Recent findings have shown an increase in the number of fires caused by Lithium Ion batteries, specifically in materials recovery facilities (MRFs). Last month’s U.S. EPA report concluded that 64 waste facilities experienced a total of 245 fires caused by, or likely caused by, LIBs or lithium metal between 2013 and 2020. The report states, “Our findings indicate that LIB fires are happening across the full spectrum of the waste management process, but MRFs appear to have faced the brunt of the negative impacts.” Of the facilities affected by LIB fires, MRFs were also reported to have had the highest incident of service disruption.
Lithium Ion batteries can be found in many of our everyday electronics such as, cell phones, laptops, wireless headphones, tablets, and even calculators, but the risk comes with damage to the battery while being recycled, if not spotted in time.
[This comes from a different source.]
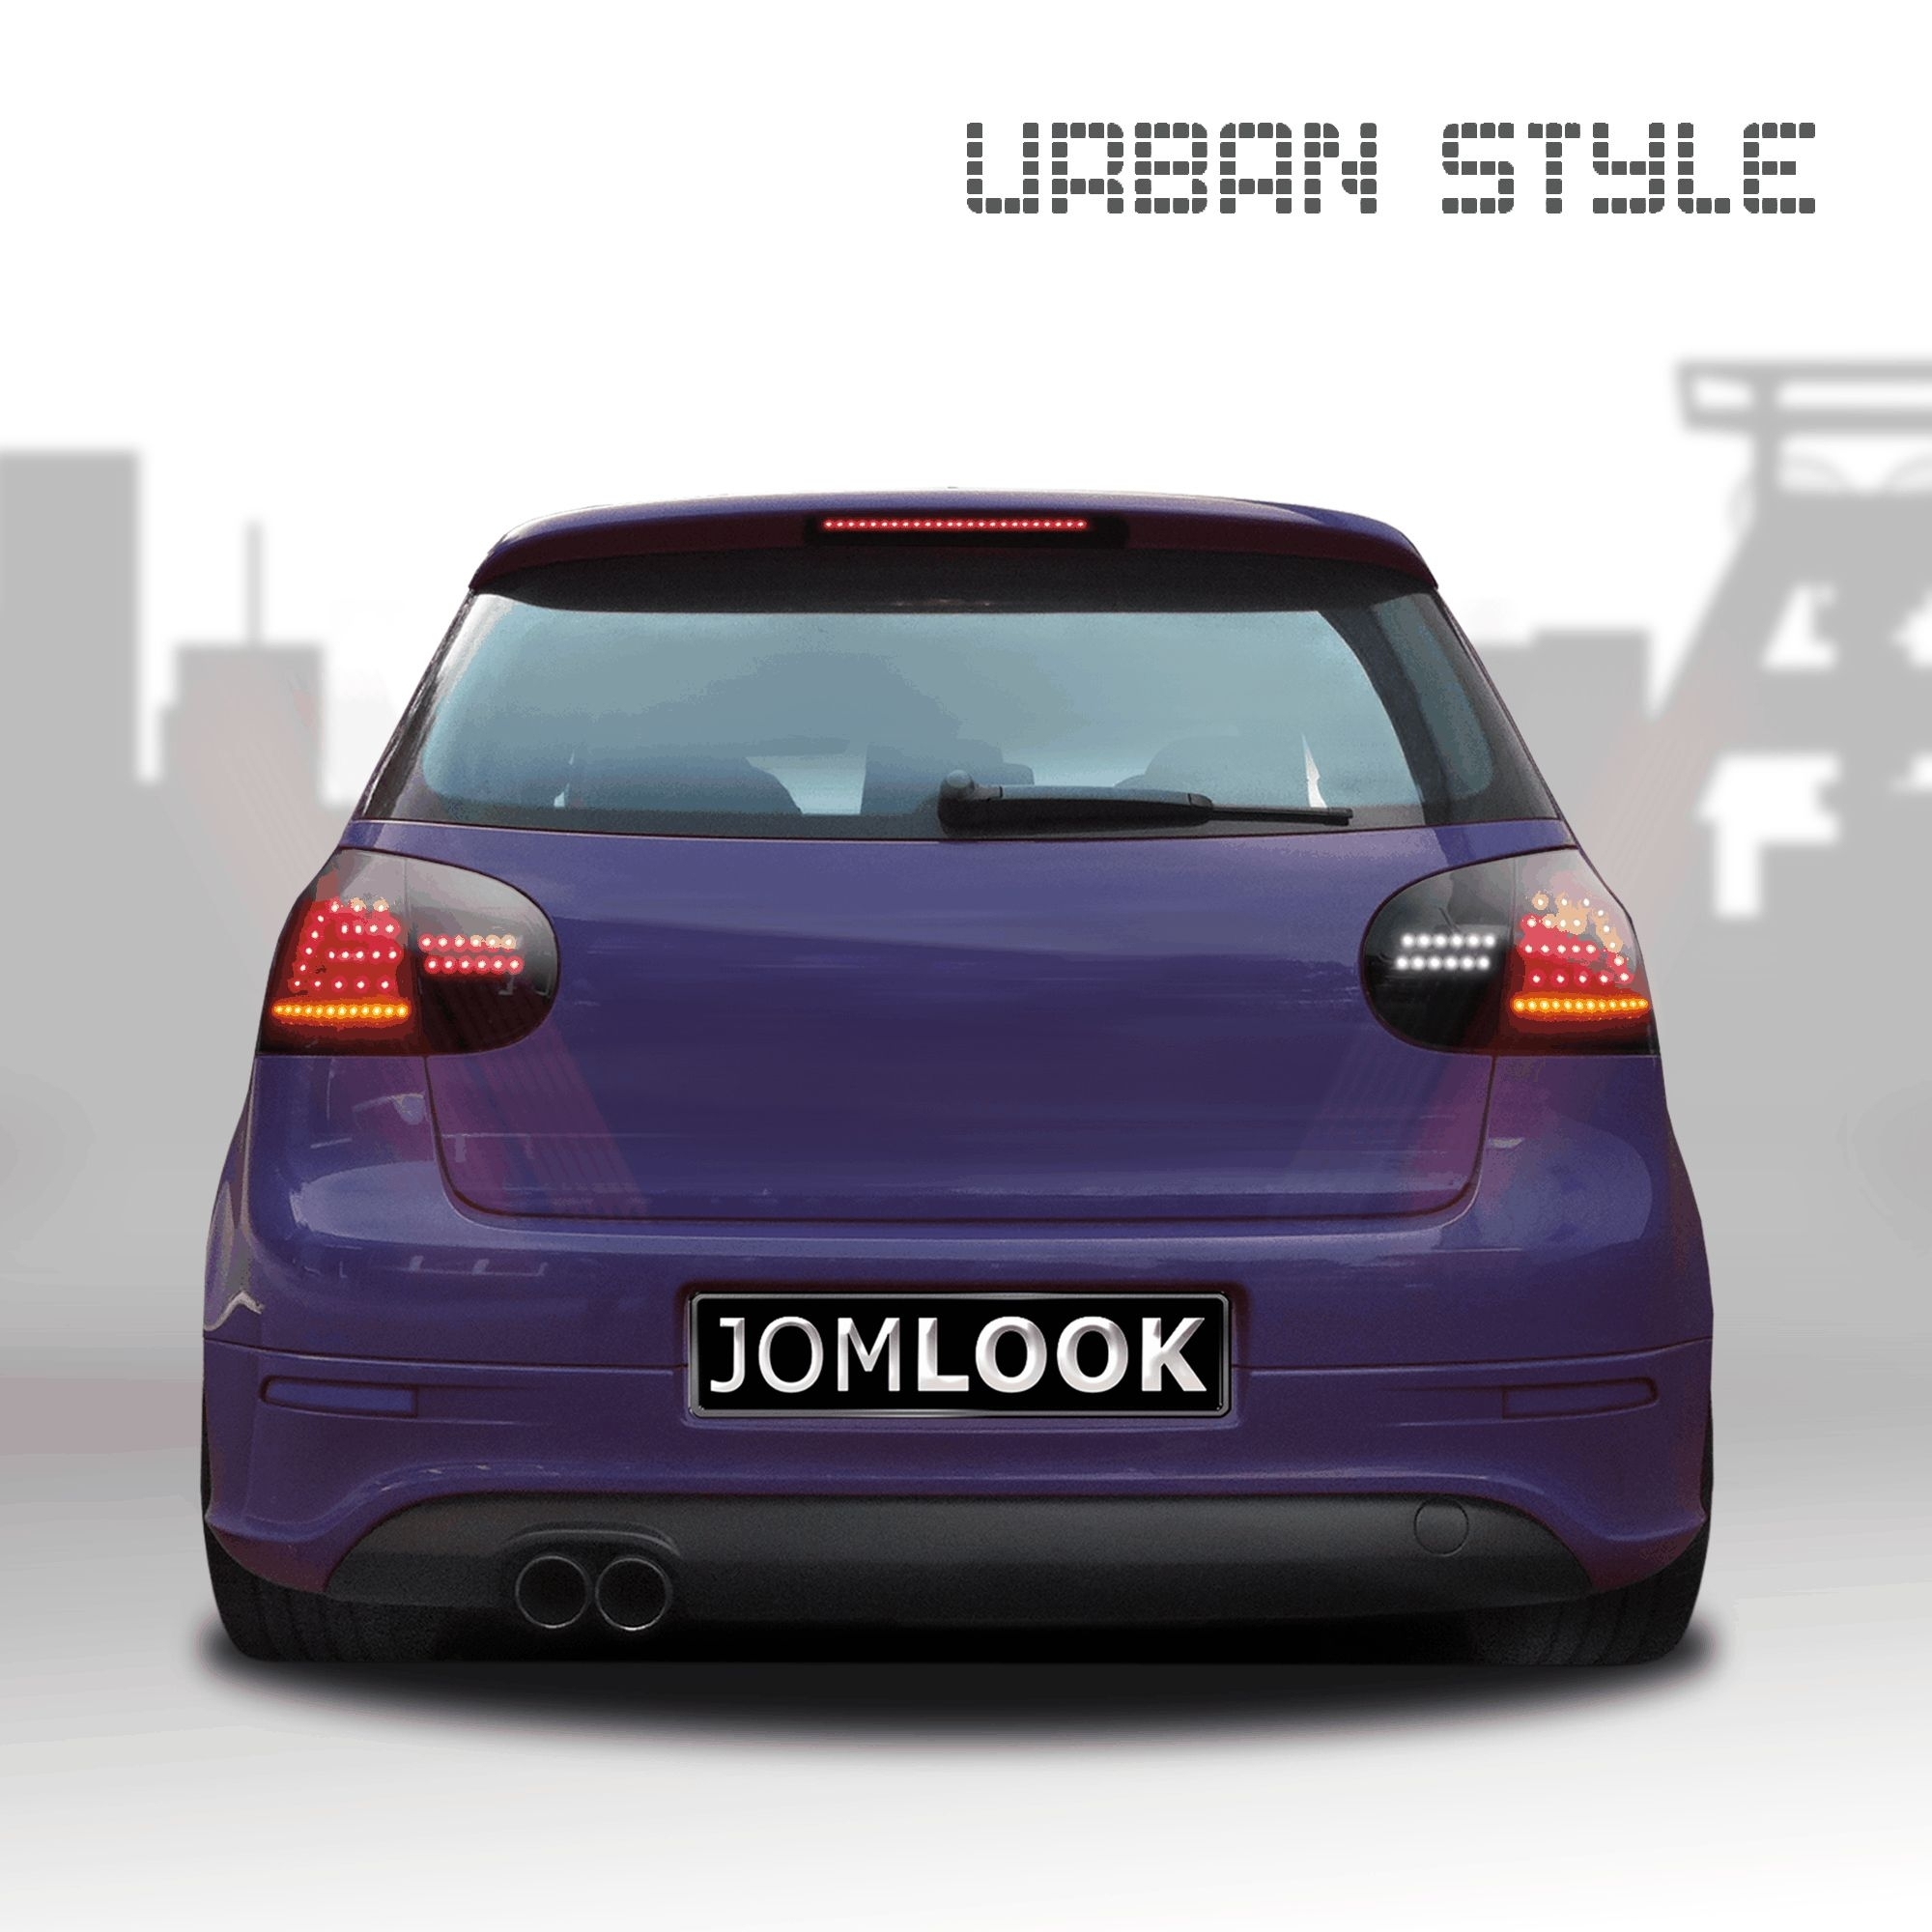 feux arri re led urbanstyle golf 5 03 08 compl tement noir. Black Bedroom Furniture Sets. Home Design Ideas
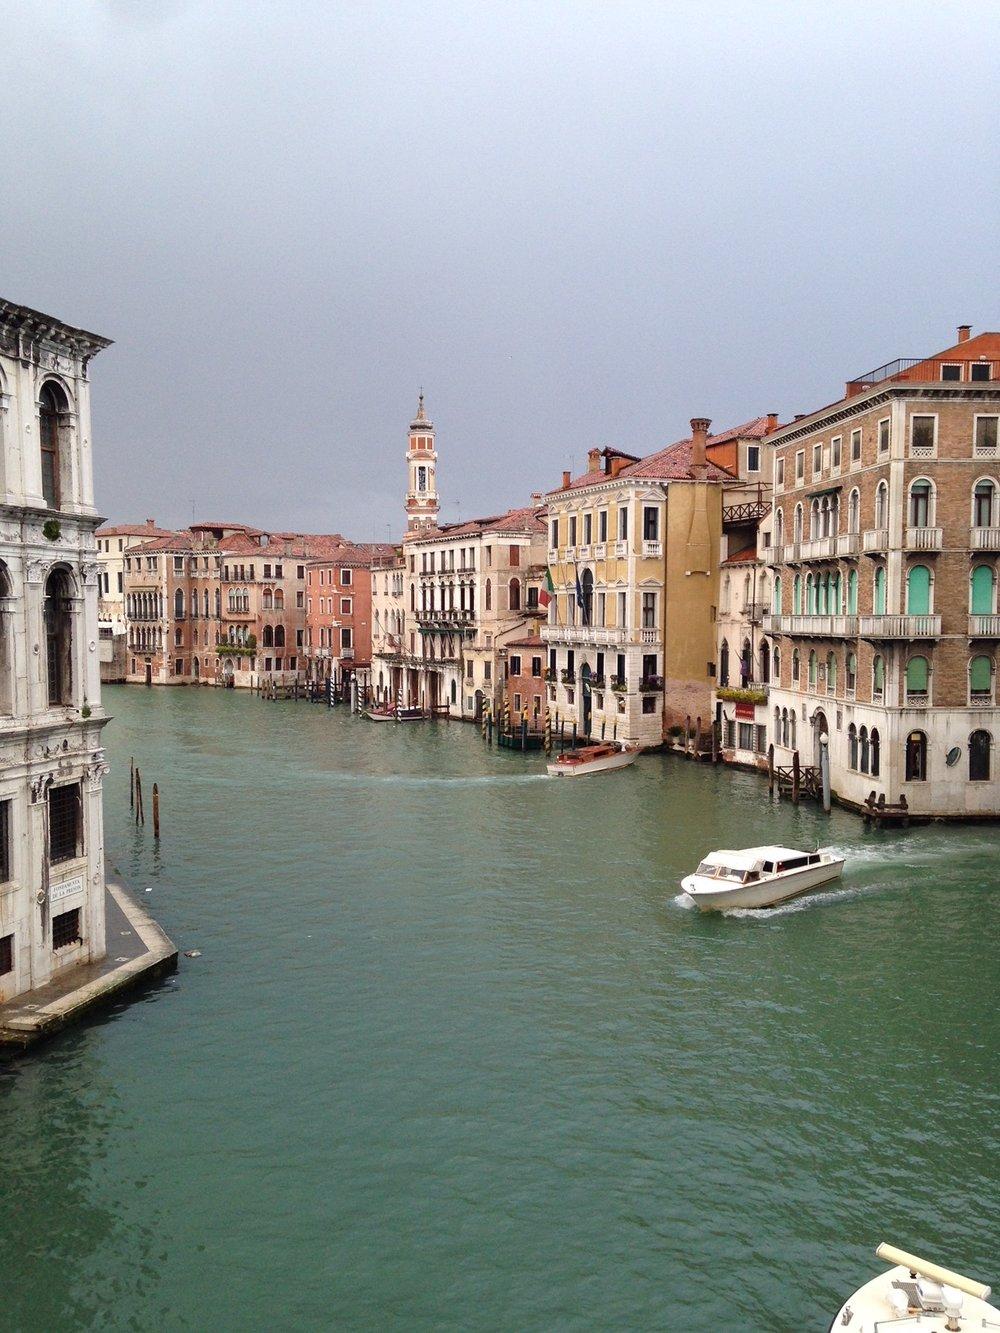 Venice_TheDestination_IrisFeb18.JPG

The report concludes that one of the most common causes of the fires is damage to the battery, and includes details of how the fires are sparked, and processes that could lead to battery damage and potential fires.
The report states, “When a battery casing is punctured, crushed, or otherwise mechanically damaged, the separator may be pierced. If the separator is breached, a short circuit can develop as the anode and cathode come into contact, allowing the LIB’s stored energy to be rapidly released. This short circuit creates heat buildup, which can then trigger thermal runaway in other cells.”
The IT asset disposition process can be especially dangerous and lead to batteries being jostled or bumped by other pieces of hardware, resulting in a battery unexpectedly releasing its stored energy and beginning the self-heating process which can lead to combustion. HOBI International Inc. follows an established set of industry safety standards in regards to the potential LIB fire risk including a list of safe, approved tools and procedures used in the battery removal process. HOBI believes that a potential solution lies in the development of a mechanism capable of determining the discharge of lithium-ion batteries or discharging the battery at a quick but safe rate.